**ABOUT THIS EXERCISE**
Output the listing below verbatim, without images.
SUPPLIED MATERIAL below:
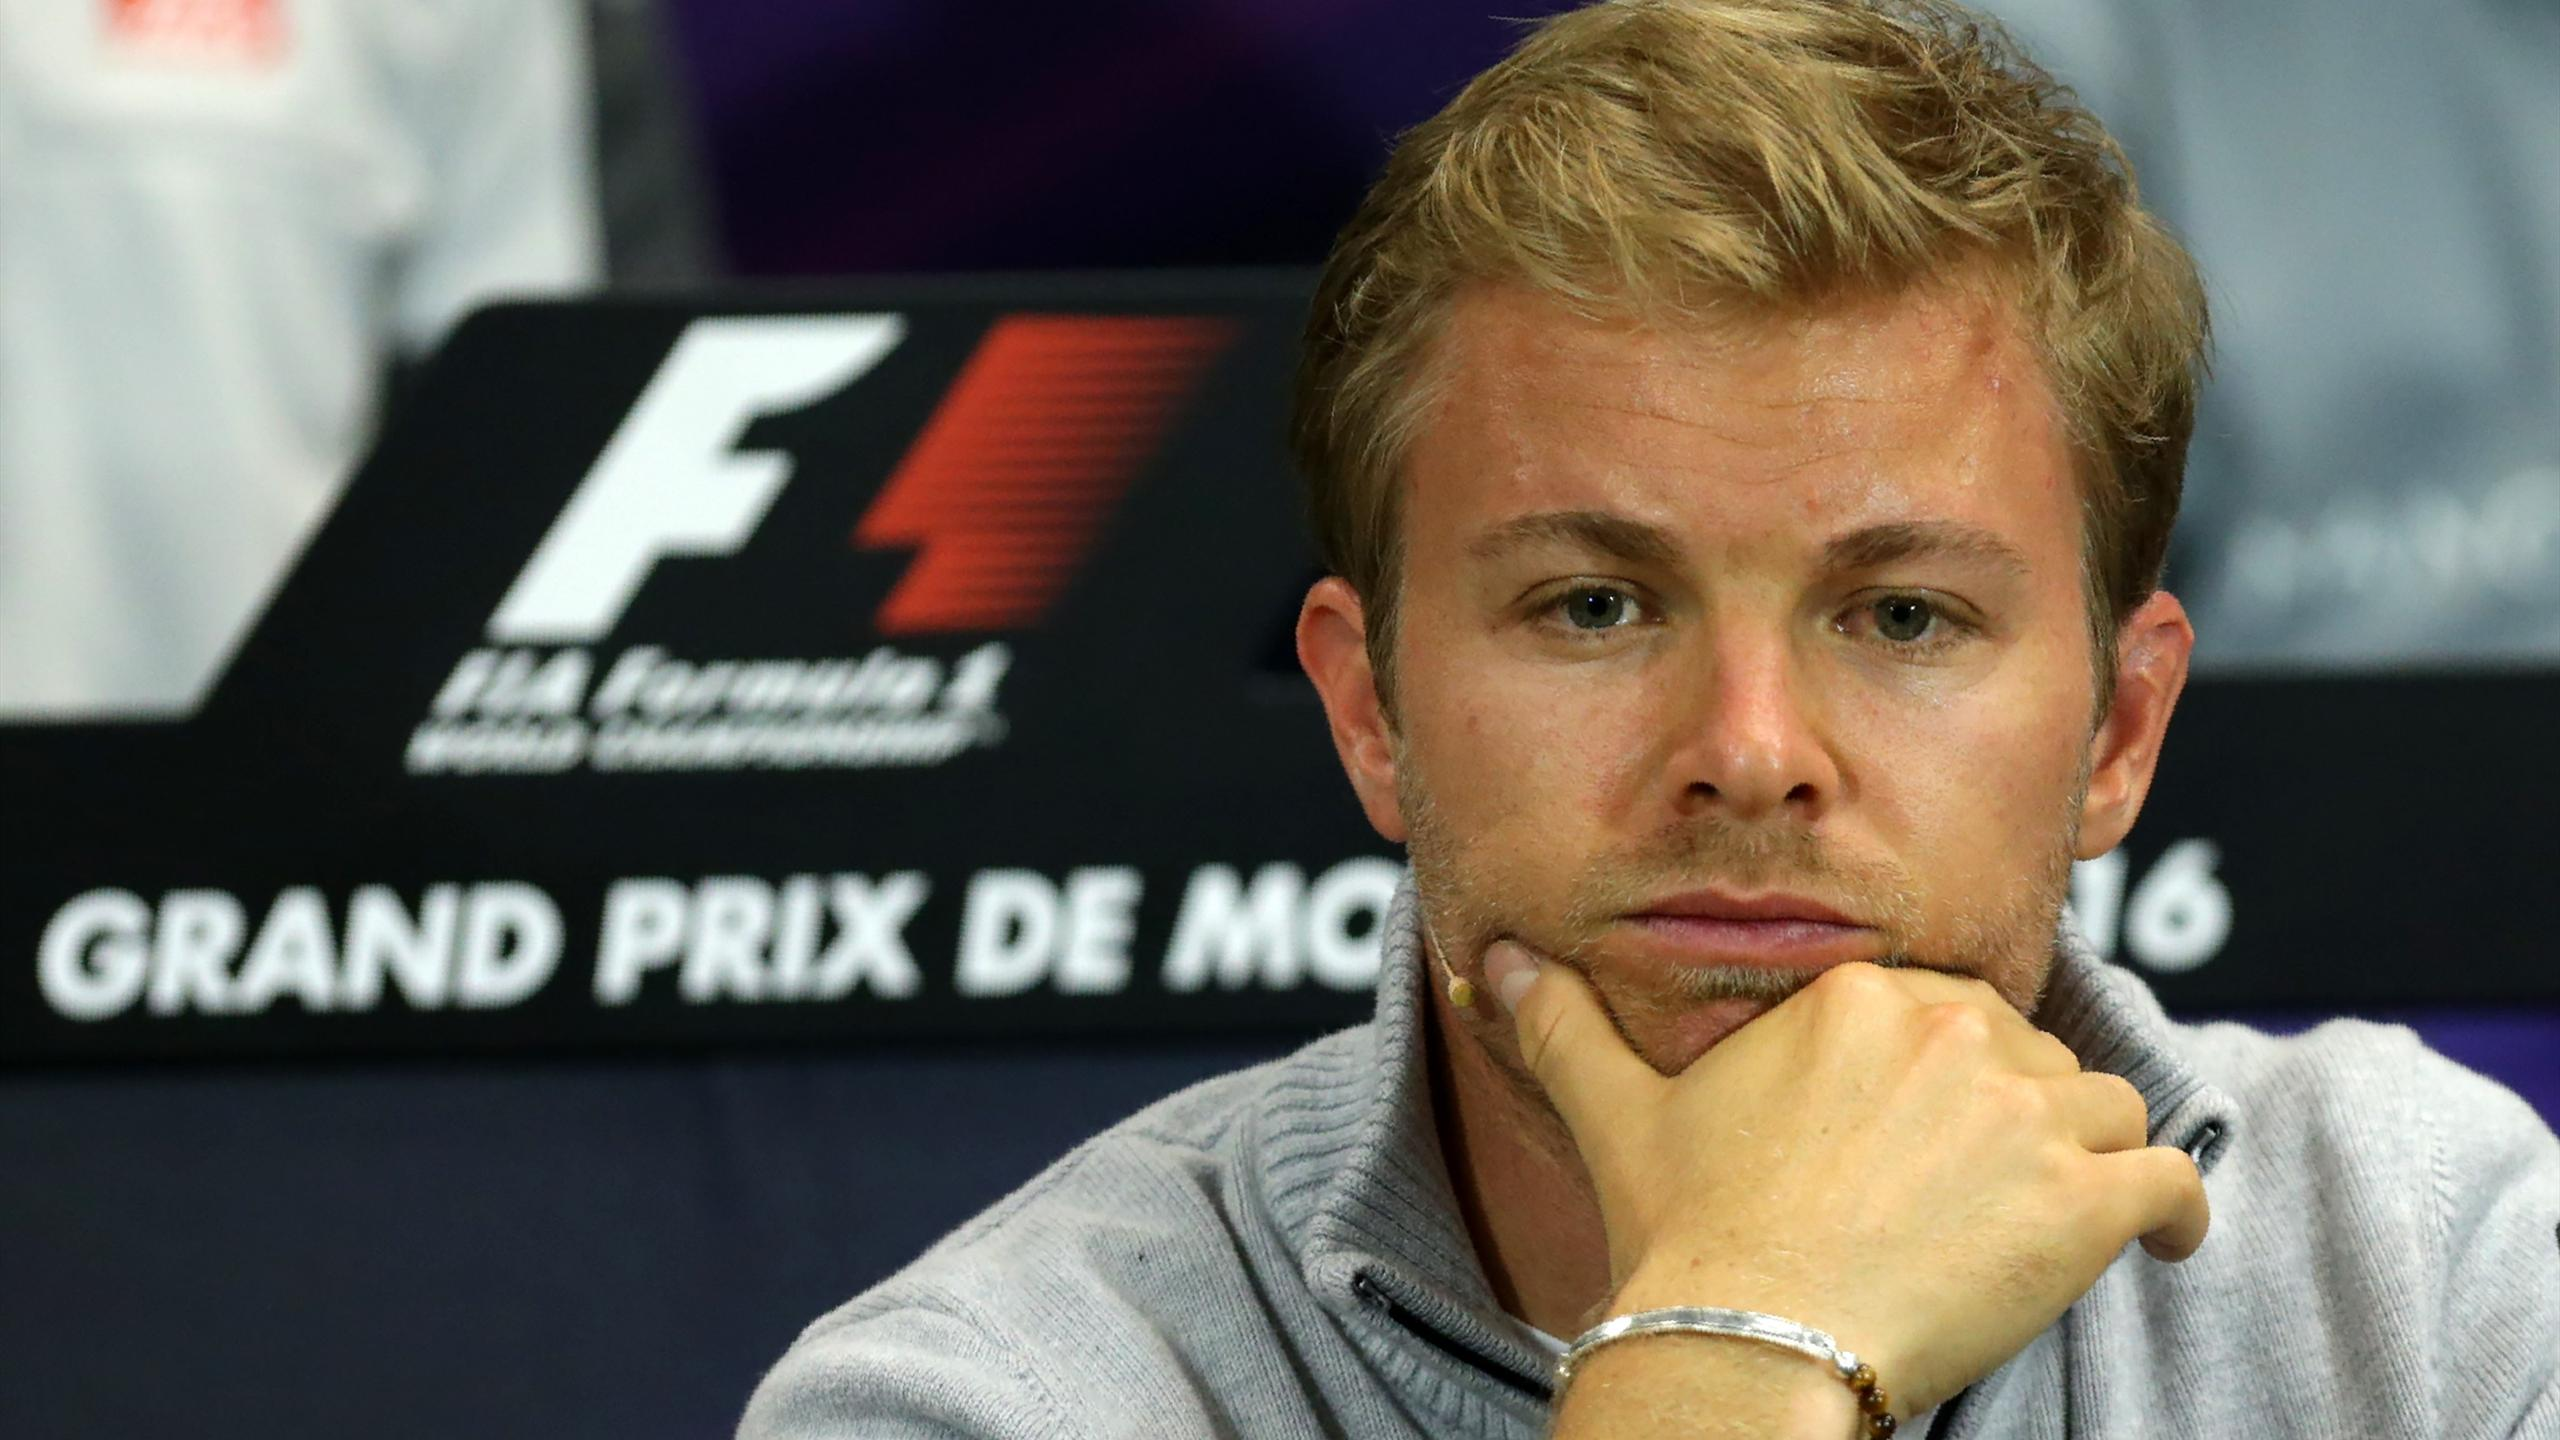 Nico Rosberg (Mercedes) lors du Media Day à Monaco
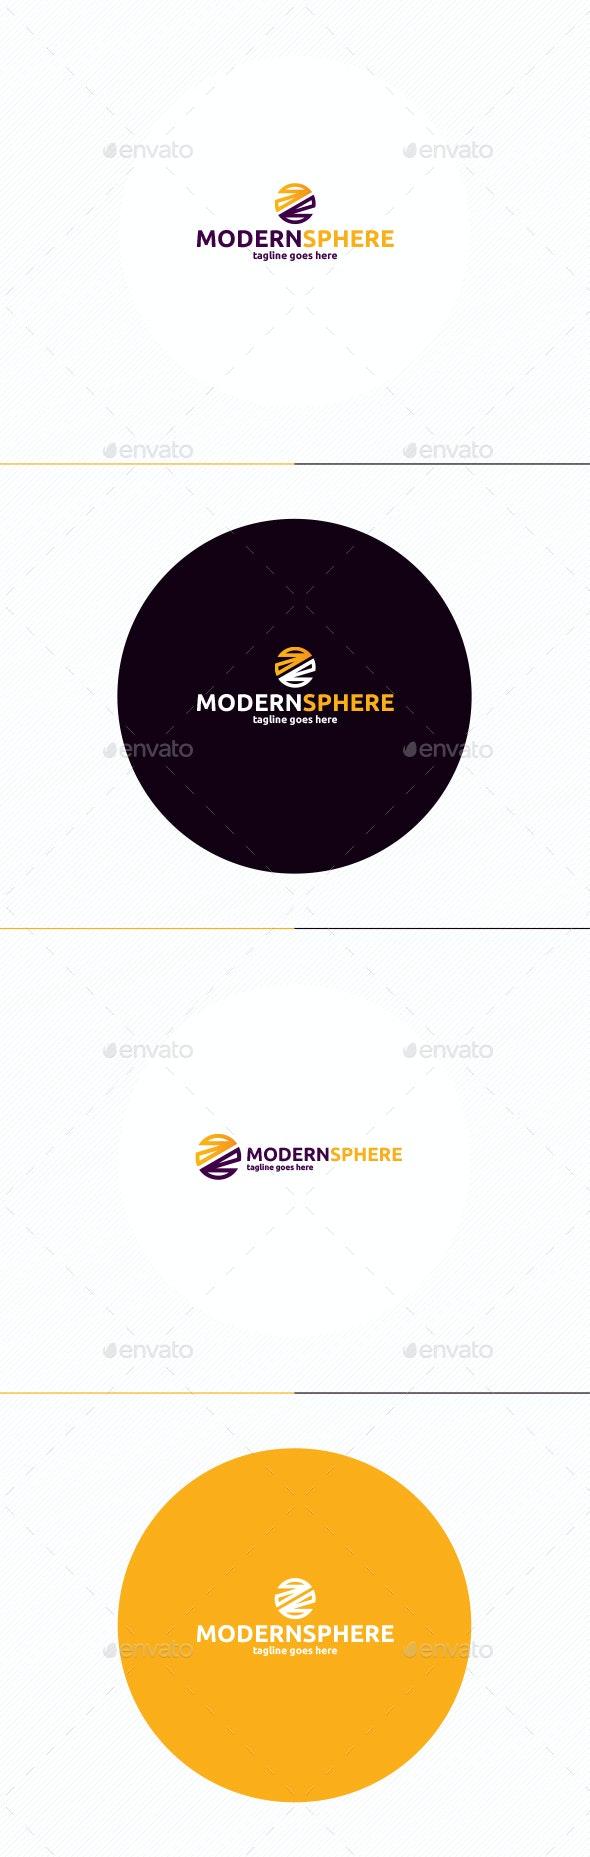 Modern Sphere Logo - Vector Abstract
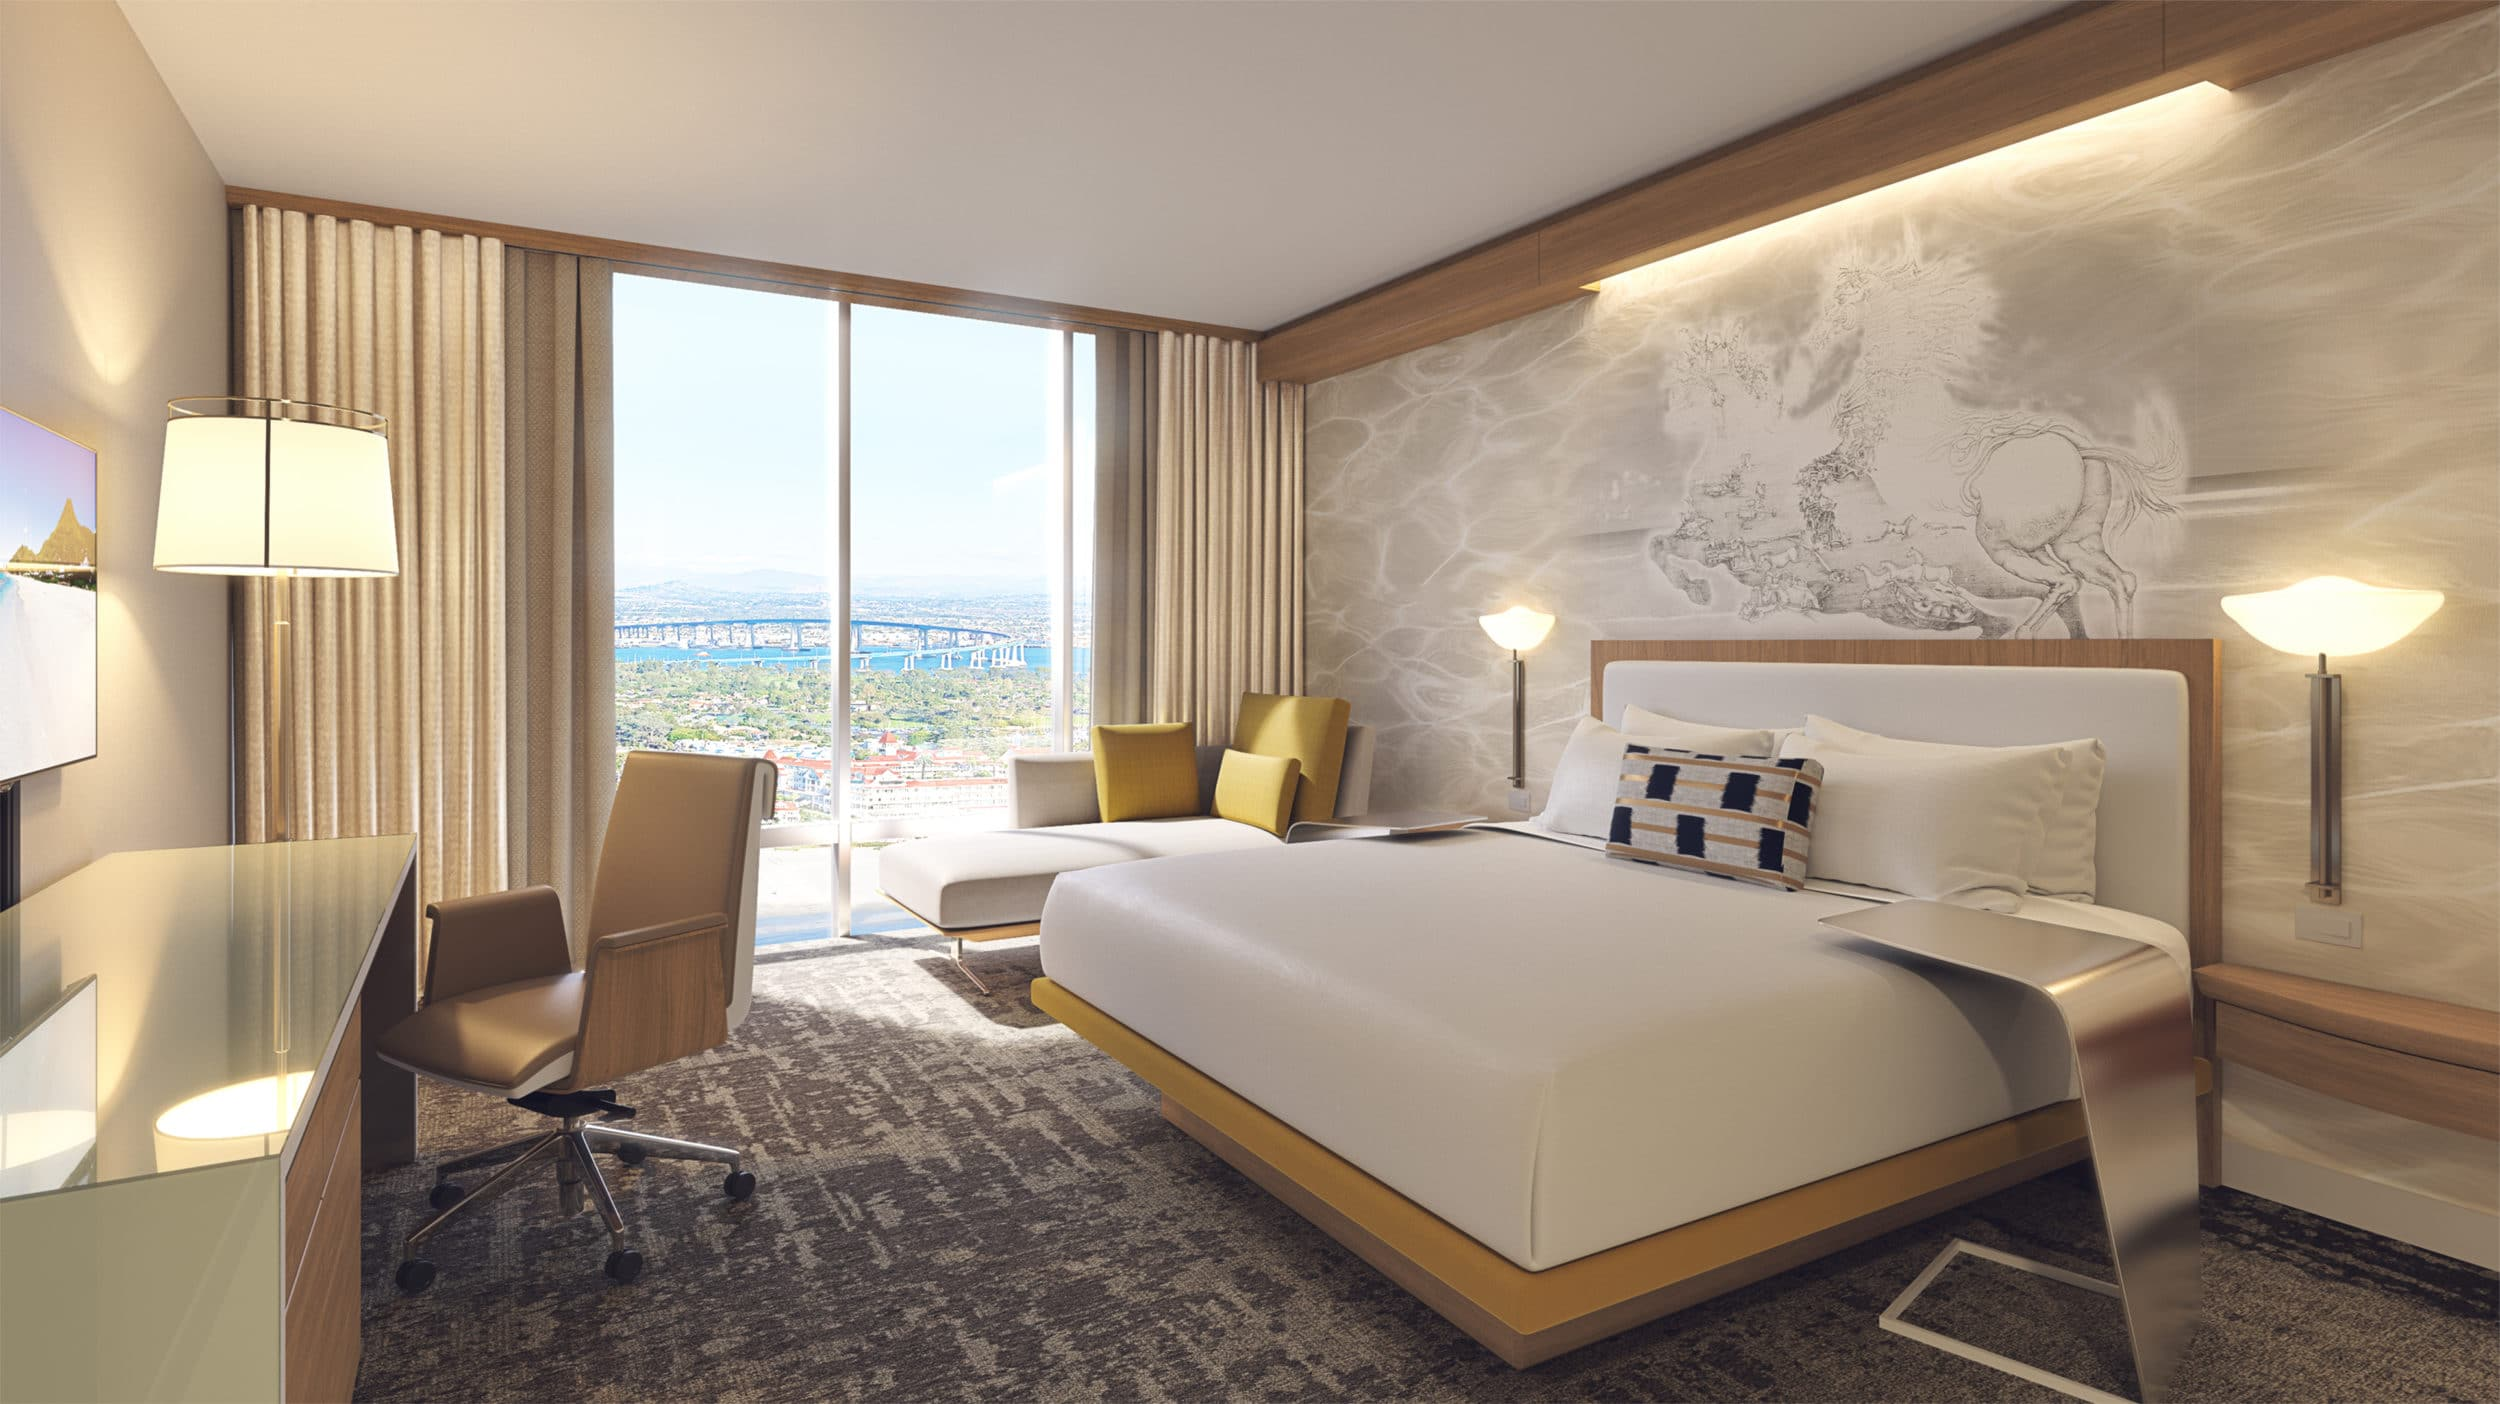 YSK Furniture modern modern apartment furniture inquire now star room-1
End of SUPPLIED MATERIAL.
**EXPECTED ANSWER**
 Nico Rosberg (Mercedes) lors du Media Day à Monaco
 Modern Sphere Logo - Vector Abstract
 YSK Furniture modern modern apartment furniture inquire now star room-1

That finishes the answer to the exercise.